Am Sonntagabend ging ein Raunen durch die Zeltstadt in Moers. Zum 40. Jubiläum des Jazz-Festivals gab es einen Überraschungsgast. Der legendäre amerikanische Musiker Ornette Coleman gab sein Konzert im Festivalzelt. Sein Kommen war bis zu seinem Eintreffen in Deutschland am Samstagabend geheim gehalten worden. Der Wegbereiter des Free Jazz ist gemeinsam mit seinem Sohn Denardo (Schlagzeug) und den beiden Bassisten Al MacDowell und Tony Falanga aufgetreten. Coleman war schon 1981 in Moers zu Gast. Bereits im vergangenen Jahr war ein Auftritt von ihm geplant, konnte aber damals nicht realisiert werden. Das Konzert von Coleman war der Höhepunkt am letzten der drei Festivaltage, der inzwischen 81-jährige ehemalige Liftboy war in den 1950ern bereits schlichte Avantgarde, komponierte gnadenlos gegen die herkömmliche Harmonielehre. In Moers spielte er eher traditionelle Stücke – im Sitzen. „Er ist eben eine Symbolfigur gegen den Mainstream“, sagte Reiner Michalke, künstlerischer Leiter des Festivals.
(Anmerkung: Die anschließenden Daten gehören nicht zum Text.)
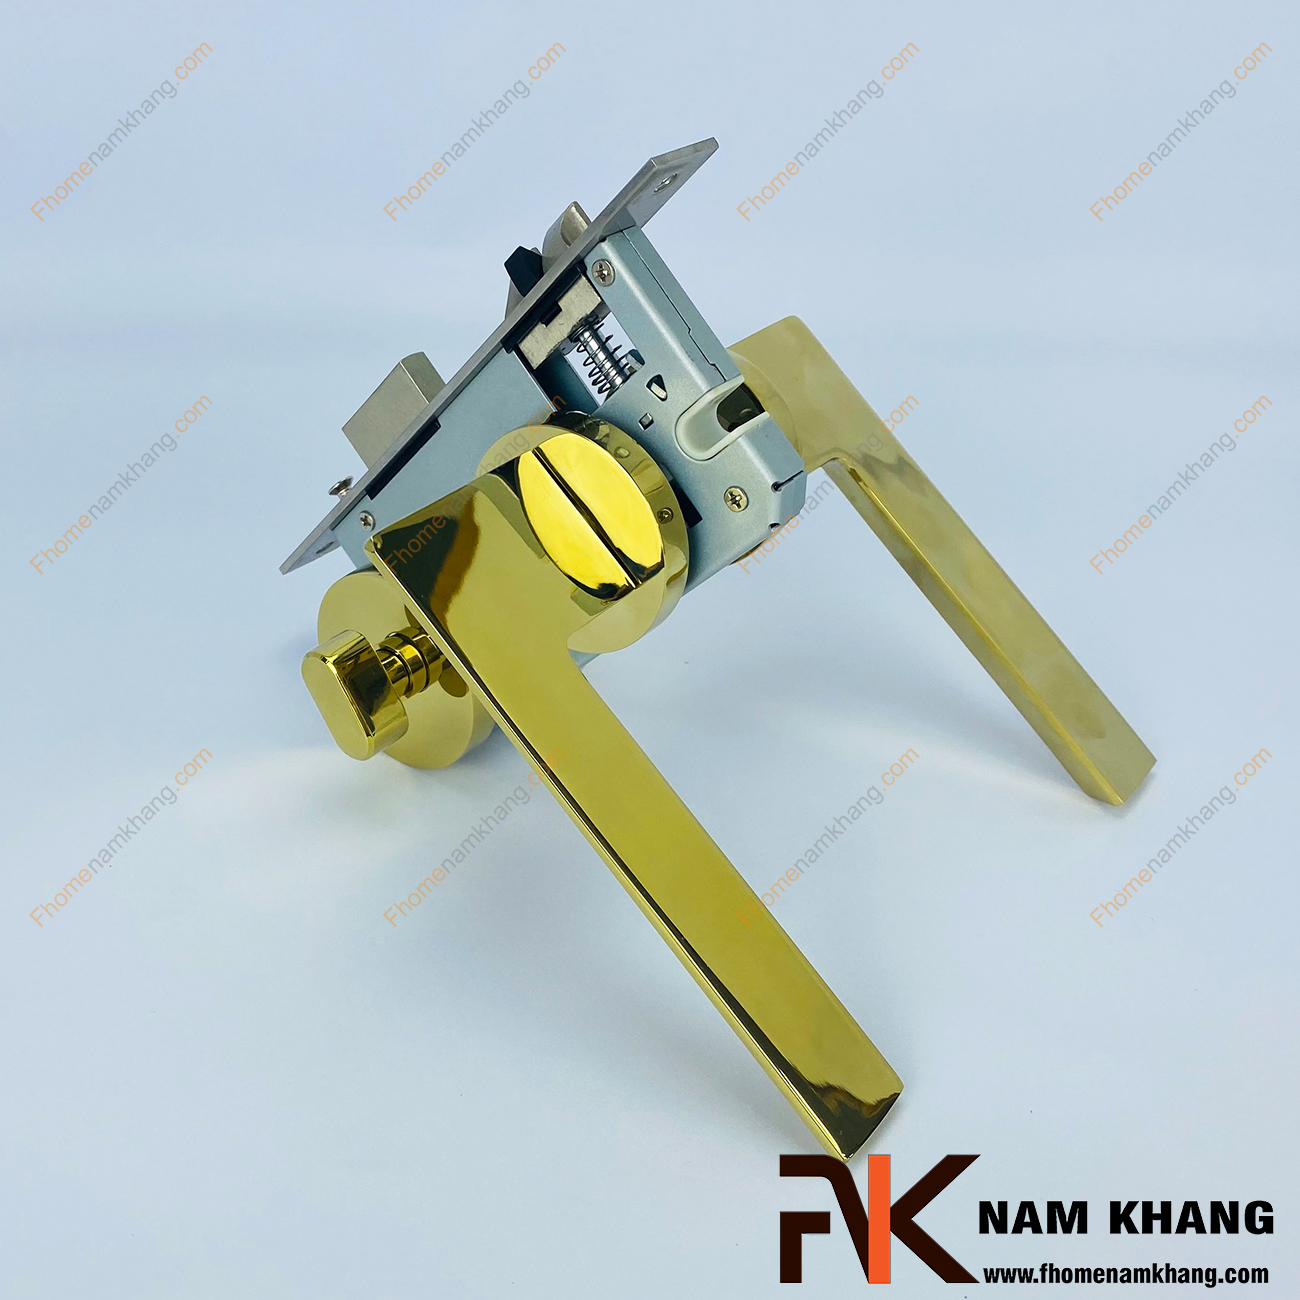 Khóa cửa phân thể bằng inox màu vàng bóng NK478M-V có thiết kế phần ốp khóa và tay gạt riêng biệt, khá nhỏ gọn và tạo được sự nổi bật độc đáo của một dòng khóa cửa.

Das Festival war ausverkauft, doch immer noch kämpft auch der 1972 von Burghard Hennen gegründete Musikevent gegen den Mainstream und Widerstände in der Stadt. Erstmals musste in diesem Jahr das Programm aus finanziellen Gründen um einen auf drei Tage gekürzt werden. 2012 muss Michalke weitere 50.000 Euro vom Zuschuss der Stadt (630.000 Euro) einsparen, „Da gibt es nichts zu beschönigen“, bestätigte Ulrich Greb, Geschäftsführer des Veranstalters Moers Kultur GmbH, die rohe Sparpolitik. Auch die Zusatzeinnahme durch "Helge's Heimatabend" am Pfingstmontag war bereits weggefallen. Helge Schneider, der Mülheimer Bühnen-Dauerbrenner hat seine Tourtermine bis zum vierten August abgesagt. Der war bei einem Konzert in Salzburg nach einem Kreislauf-Kollaps zusammengebrochen. Also blieben am Montag nur die Marktstände im Schlosspark stehen, während sich auf der Zelt-Bühne bei "open house" junge Künstlerinnen und Künstler aus der Region bewähren konnten. Der japanische Singer-Songwriter Hiviya Katan bespielte dazu alle drei Tage mittags das kleine Pulverhäusschen.
Michalke ist es also trotz Geldsorgen wieder gelungen mit den musikalischen Querdenkern zu begeistern. Insbesondere der norwegische Trompeter Nils Petter Molvaer überzeugte mit seiner elektronischen Klangmalerei mit tiefen, techno-nahen Grooves. Auch Michiyo Yagi aus Japan konnte überzeugen. Die Koto-Spielerin zählt sie zu den bedeutendsten Musikerinnen ihres Landes. Richtig auf die Ohren bekamen die Zuhörer dagegen bei den US-Amerikanern "Orthrelm" mit ihren ohrenbetäubenden Klangkaskaden. "Die sind ganz böse. warnt Michalke schon vor dem Festival. Diese Heavy-Metal-Musiker seien selbst für das Festival in Wacken zu hart. Bleibt zu hoffen, das auch der Festivalchef bis zum nächsten Jahr hart bleibt und sich den Widerständen stellt. Das Moerser Festival ist ein internationales Aushängeschild für die Region und das sollte auch so bleiben.